Mensch zu sein bedeutet, Mensch werden zu wollen, die eigene Zukunft in die Hand zu nehmen und das heisst, frei werden zu wollen. Doch wie wird man frei, ohne das Miteinander zu verlieren? Das Spiel zeigt die Richtung, denn im Spiel ist man heiter und ernst. Die Schönheit gibt einen Schlüssel. Sie bringt individuelles und allgemeines, Ich und Menschheit zusammen.
Kürzlich hatte ich einen Traum. Eine sich langsam über die ganze Welt bildende Gesellschaft von Menschen aller Horizonte und Firmamente suchte nach dem Eigentlichen.
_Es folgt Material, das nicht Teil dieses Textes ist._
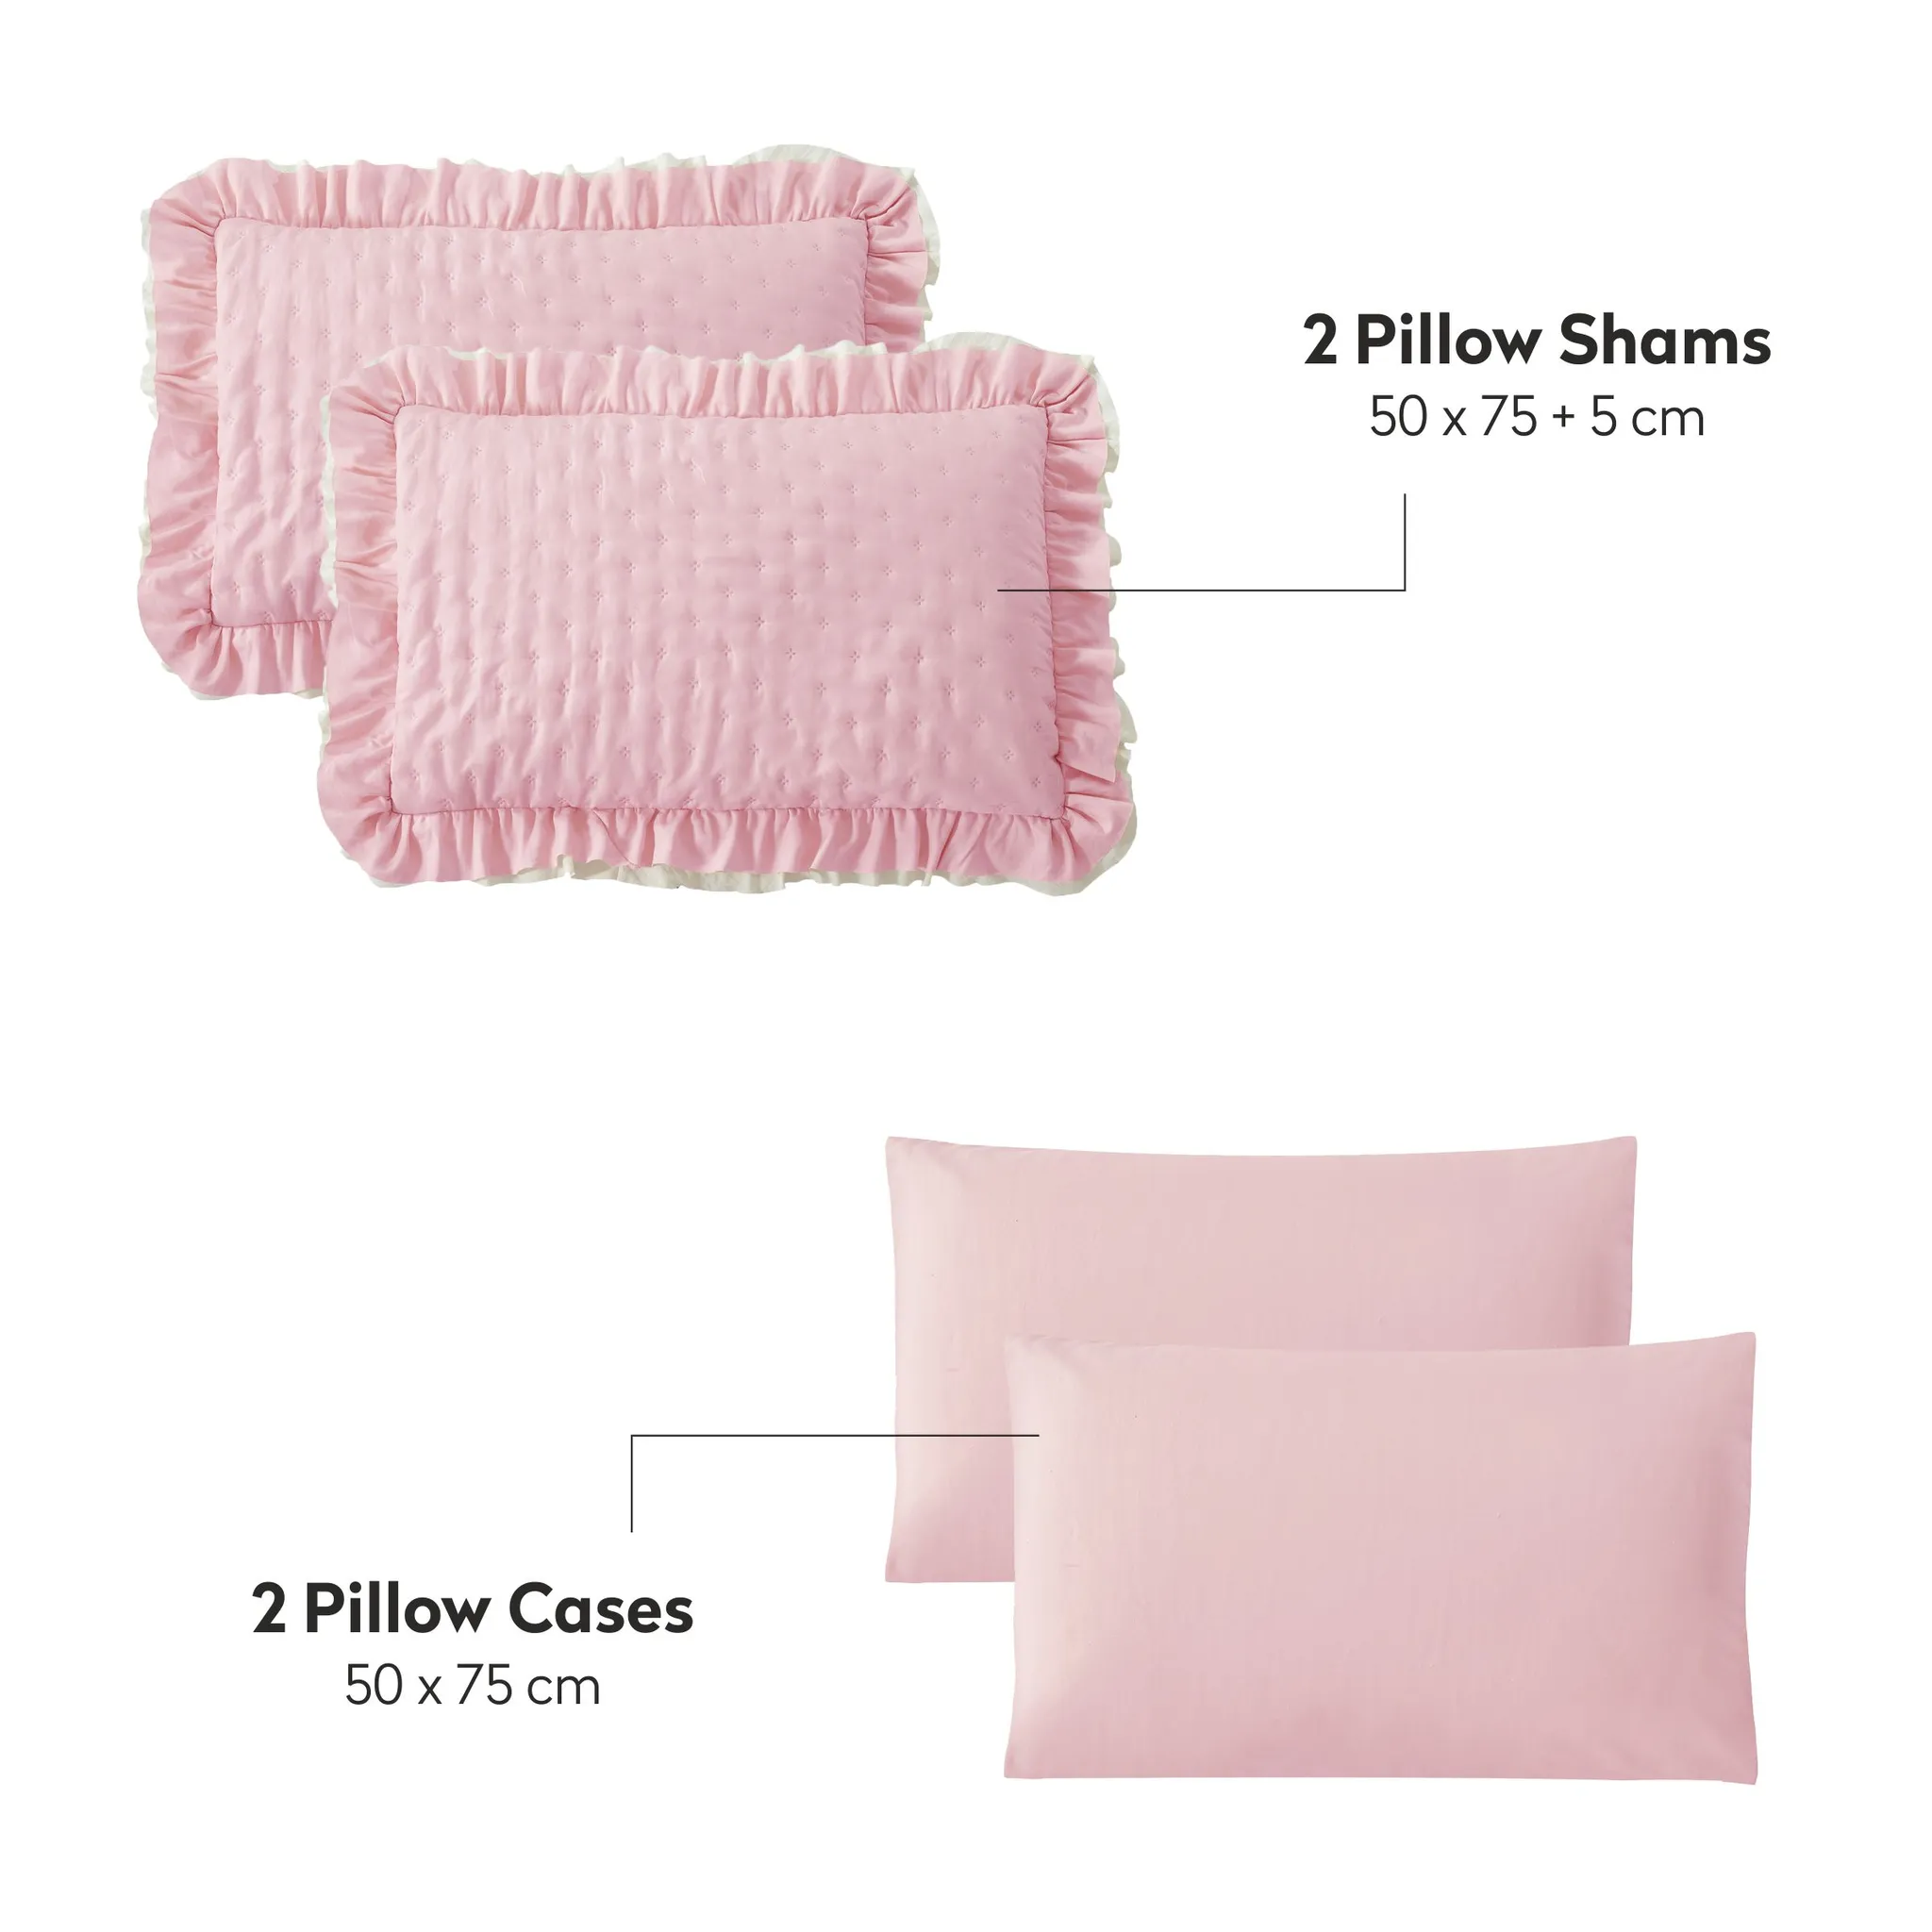 Ruffled Lace Ultrasonic Embroidered Comforter Set 6-Piece King Pink

Nach und nach stellten sie fest, dass das Eigentliche da ist, wo jemand sein Dasein heiter ernst zu nehmen vermag, in dieser Weise dann einmalig und wirklich wird – und damit den politischen Menschen verkörpert.
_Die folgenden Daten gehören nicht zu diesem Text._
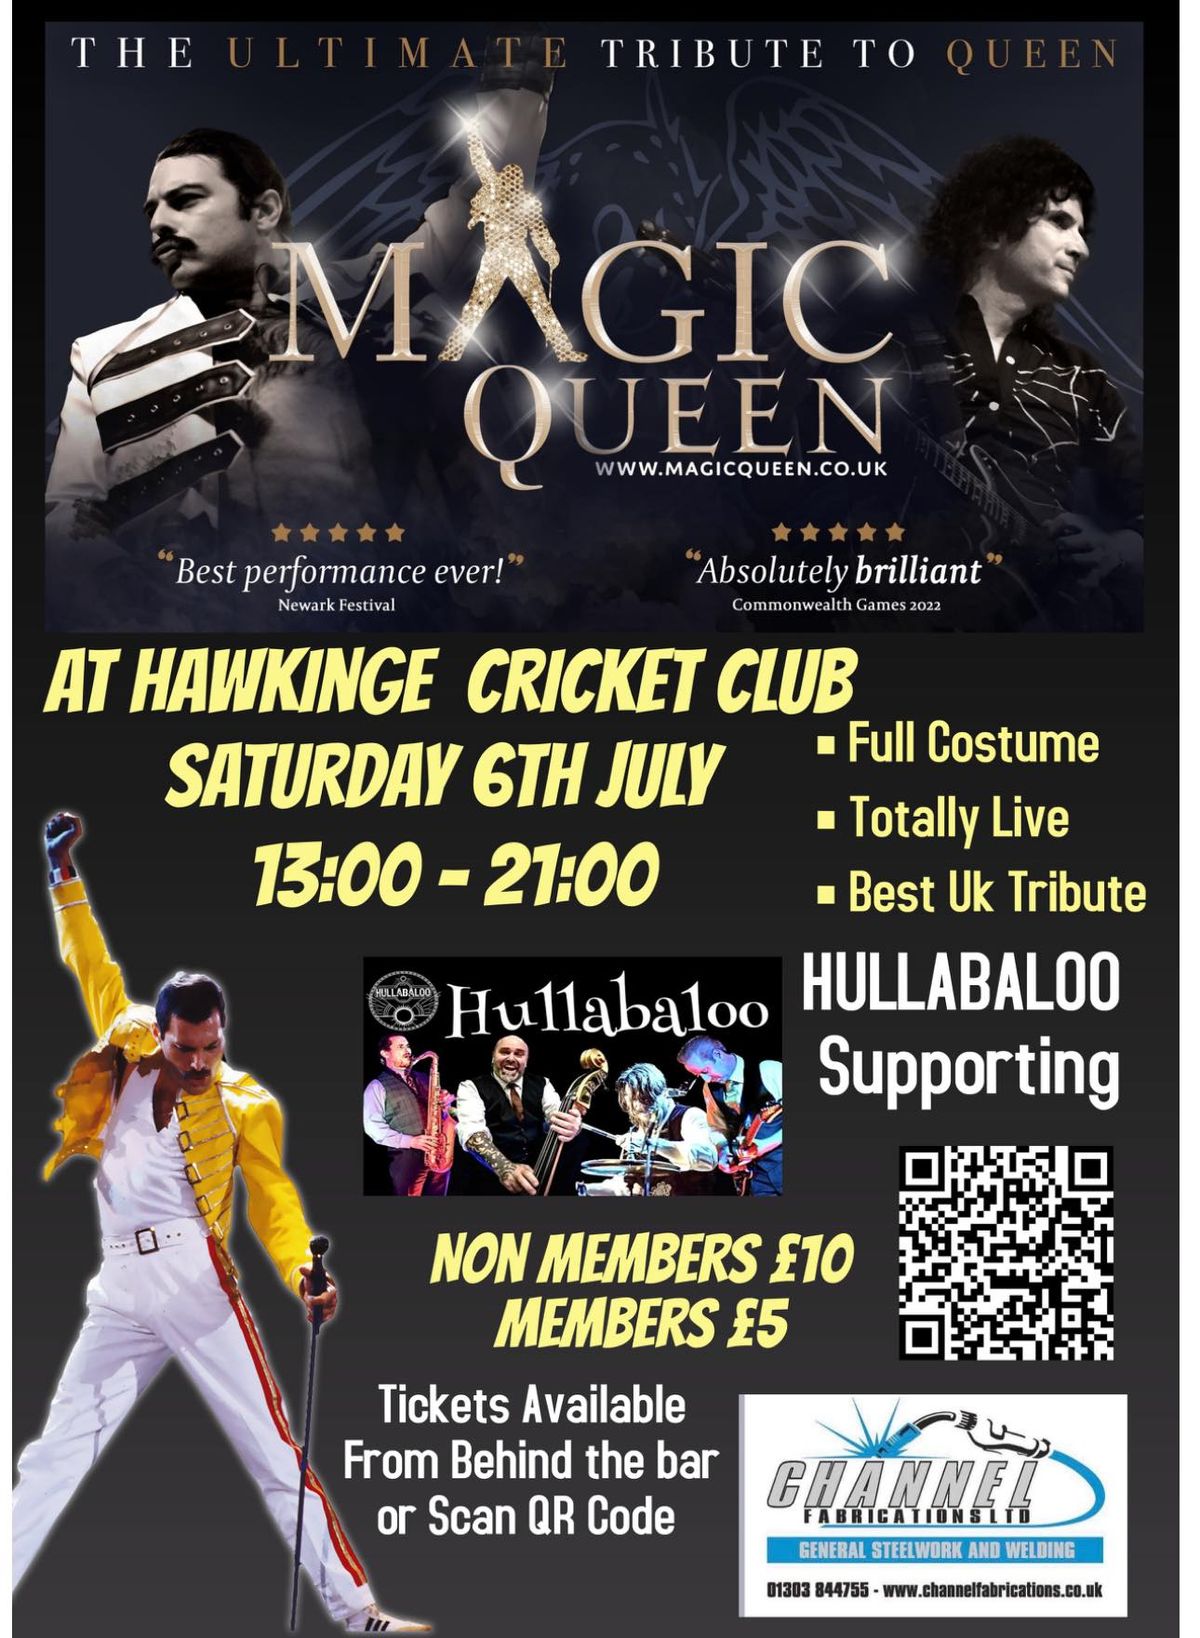 Magic Queen Tribute Featuring Hullablaoo Outside

Also ernst und heiter, ein heiterer Ernst, eine ernste Heiterkeit. So standen sie zum Dasein, so fasste diese Traumgesellschaft das Dasein auf. Jene, die sich und einander so sahen, wurden wirklich und einmalig. Keiner von ihnen kam mehr auf die Idee, etwa den einen mit dem anderen oder den anderen mit dem einen zu vergleichen. Es wäre ein Absurdum, fremd dem Einmaligen.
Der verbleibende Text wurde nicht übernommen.